Movie Review of Transcendence

Apparently Transcendence's thought-provoking themes exceed the movie's narrative grasp, Photo Courtesy: Warner Bros. Pictures
The thought-provoking themes exceed this movie’s narrative grasp. Photo Courtesy: Warner Bros. Pictures

By Gary Dowell

Transcendence could have been a good movie — it certainly tries — but it’s chock full of ideas that are beyond first-time screenwriter Jack Paglen’s ability to explore and develop, and cinematographer-turned-director Wally Pfister doesn’t yet have the chops to compensate for such shortcomings. In the end, it comes across as a half-baked TED talk, and a next-generation The Lawnmower Man.

Johnny Depp gives one of his more restrained (read: bored to tears) performances as Dr. Will Caster, the foremost researcher in the field of artificial intelligence, and the person closest creating a sentient machine. His highly controversial experiments have made him famous, as well as one of the targets of militant anti-technology extremists willing to resort to violence to protect humanity from, well, something. (Like many of Transcendence‘s themes, the neo-Luddite’s arguments aren’t articulated very well.)

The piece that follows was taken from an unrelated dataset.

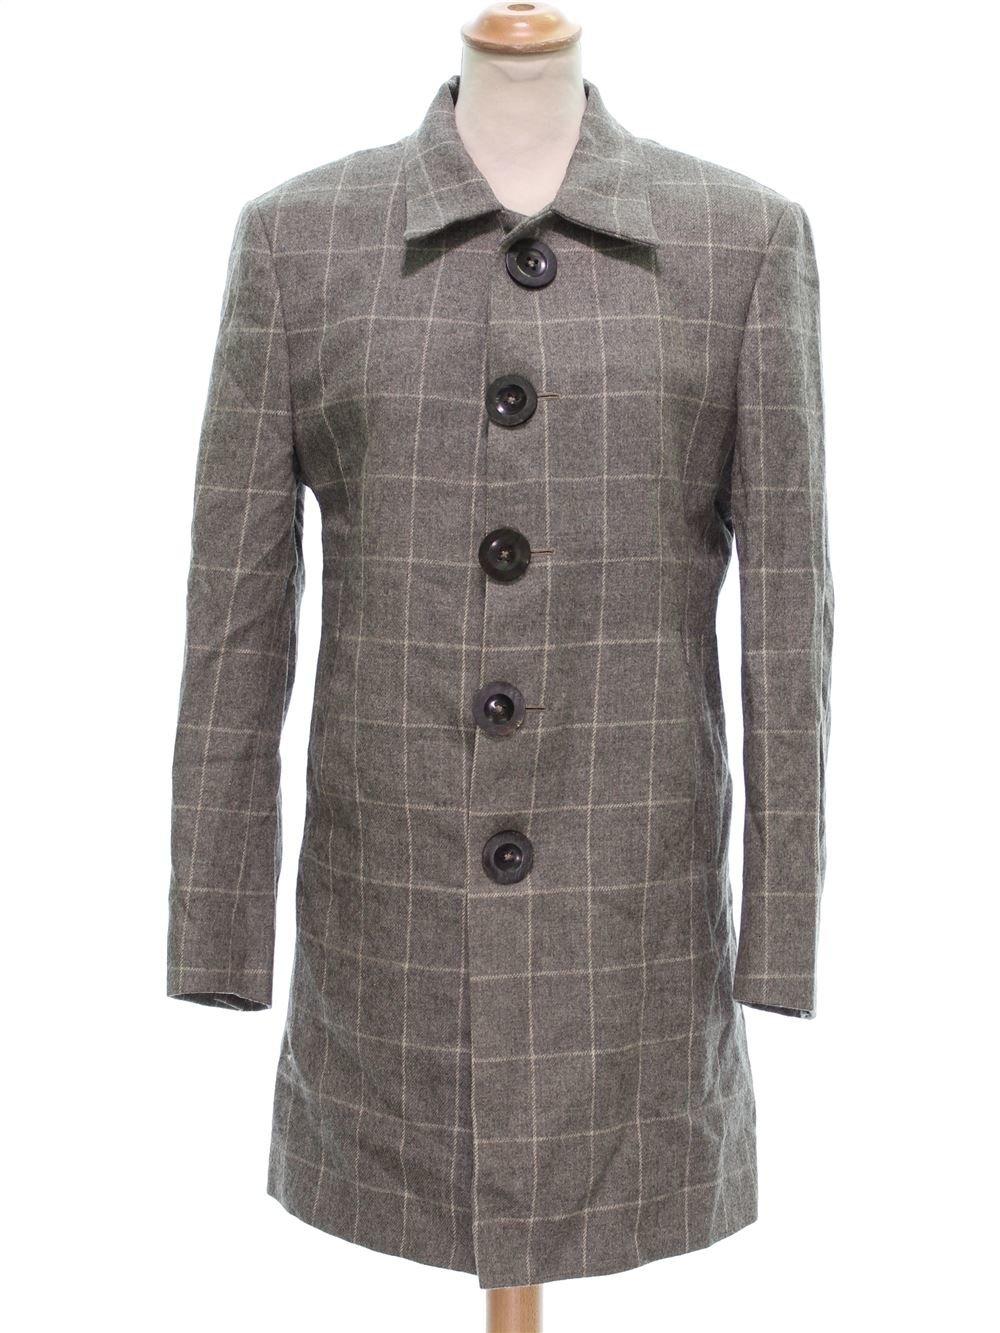 date de sortie plusieurs couleurs toujours populaire Manteau Femme SANS MARQUE M pas cher, 6.88 € - #1452379

One of their attacks is successful, leaving Dr. Caster with one month to live. His wife Evelyn (Rebecca Hall) wants to save her husband anyway she can, which she does in a very literal sense by enlisting  Will’s best friend, Max Waters (Paul Bettany), to digitize and upload her husband’s consciousness, as his knowledge and intellect grow, Will becomes less content with staying on one server, especially with Kate Mara’s techno-terrorists hunting him. Before long, he’s living in the cloud, manipulating stock markets, and using the funds to build a massive data center outside a blighted town in the middle of the desert. He has plans to restore the ecosystem and heal people via advanced nanotechnology, which starts to freak everyone out. (Granted, it doesn’t help that he starts linking with people in a hive mind of cybernetic “hybrids”.) Cue the obligatory paramilitary intervention.

What hobbles Transcendence from the very start is its inability to escape hoary science fiction-horror clichés of technophobia and scientists out to elevate themselves to godhood. Paglen works overtime to convince us that The Future of Mankind is at a tipping point, but just can’t seem to explain why. Add to that a story that doesn’t adequately explain its science and its perceived pitfalls and flip-flops on who’s supposed to be the villain and who the martyrs are, and the result is a muddled, frustrating mess that is long on fear but short on suggestions. It’s base argument is the dusty old one of “It’s different, therefore it’s bad” and not much else. In all seriousness, Spike Jonze’s Her does a better job of examining the technological singularity than this clunky heap.

Paglen is out of his depth with the material, and Pfister does his best to liven it up with some very pretty sequences. Unfortunately, the first-time helmer joins that stereotypical list of D.P.s who make a less-than-graceful transition from the camera to the director’s chair. There’s a surplus of lens flares and slo-mo water droplets, but not much narrative life. In the end, it is Transcendence itself that turns out to be the soulless, emotionally dead monstrosity.